Some important parameters to consider:

  • –tumour-file: Specify the location of where the BAF and LRR values are for the sample
  • –chr: Specify the chromosome you want to run on. In this example, we run only on chromosome 21 since it can take awhile for the whole genome. Don’t specify this parameter for whole genome analysis.
  • –stroma: This parameter can be specified for normal content adjustment. As this is a cell-line, we did not set this.
  • –intratumor: This parameter can be specified for correcting intratumor heterogeneity. As this is a cell-line, we did not set this.
  • –normal-file: If you have a matching normal, you can specify it here. OncoSNP will then perform a paired analysis mode. As we have no matching normal here, we leave this parameter unspecified.
  • –emiters: Maximum number of expectation-maximization steps to use during training. By default this is set to 10. But we change it to 1 to speed up the processing for this lab.

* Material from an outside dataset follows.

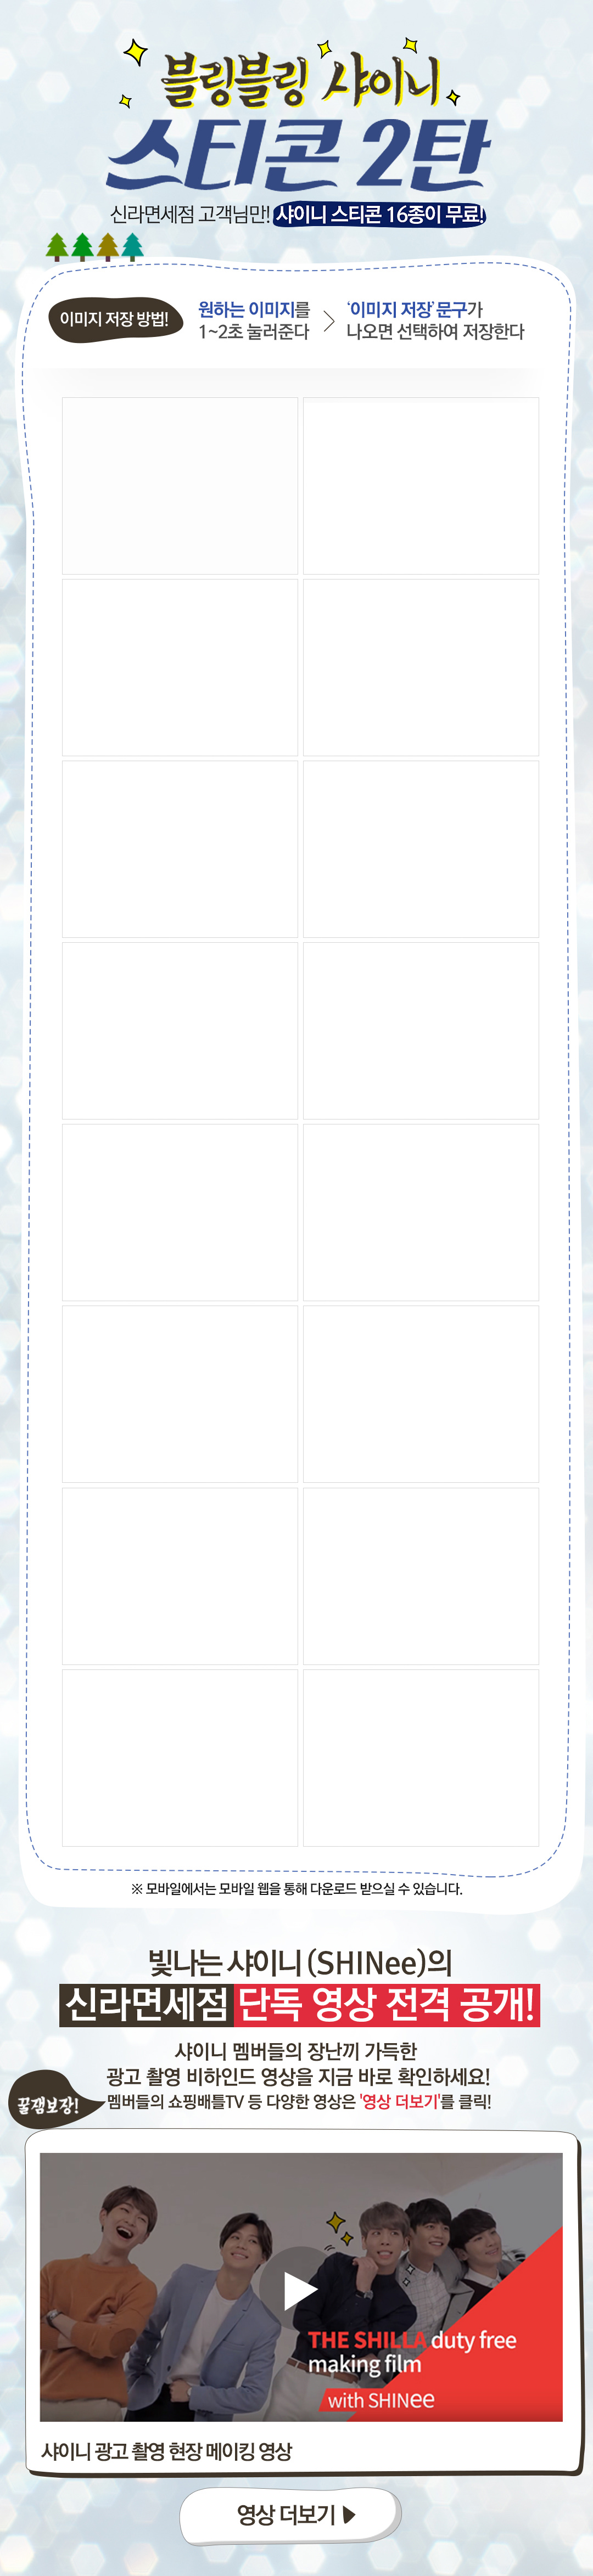 블링블링 샤이니 스티콘 2탄 신라면세점 고객님만! 샤이니 스티콘 16종이 무료!

The & character at the end of the above command sends the job to run in the background. Rather then print the progress of the job to screen, this command will send output of OncoSNP to a log file. We can monitor the progress of the program by examining this file.

less -S results/oncosnp/run.log

Similarly the errors are also sent to a file which we can explore.

less -S results/oncosnp/run.err

We can see if the script is still running by looking at our background jobs

jobs

To bring the job back into the foreground, type

fg

To put it in the background again, suspend it using conrol-z, then type

bg

When the program finishes we can go to the output folder and browse the results.

ls -lh results/oncosnp

The first key file is the .qc file which outputs some basic quality control values and some parameters. Probably the most interesting value is the stromal contamination i.e. fraction of normal cells. Two values are reported by default because OncoSNP does multiple analysis runs (initialized two different baseline ploidy configurations: diploid and non-diploid). The first value is the most probable.

less -S results/oncosnp/HCC1395.qc
LogRRatioShift NormalContent Copy Number (Average) Log-likelihood OutlierRate LogRRatioStd BAlleleFreqStd PloidyNo
-0.1710 0.0 2.0 1156.17639 0.010 0.237 0.041 1
-0.1099 0.0 1.9 1098.29187 0.010 0.237 0.041 2

Next is .cnvs file which contains the smoothed segments with there copy number prediction.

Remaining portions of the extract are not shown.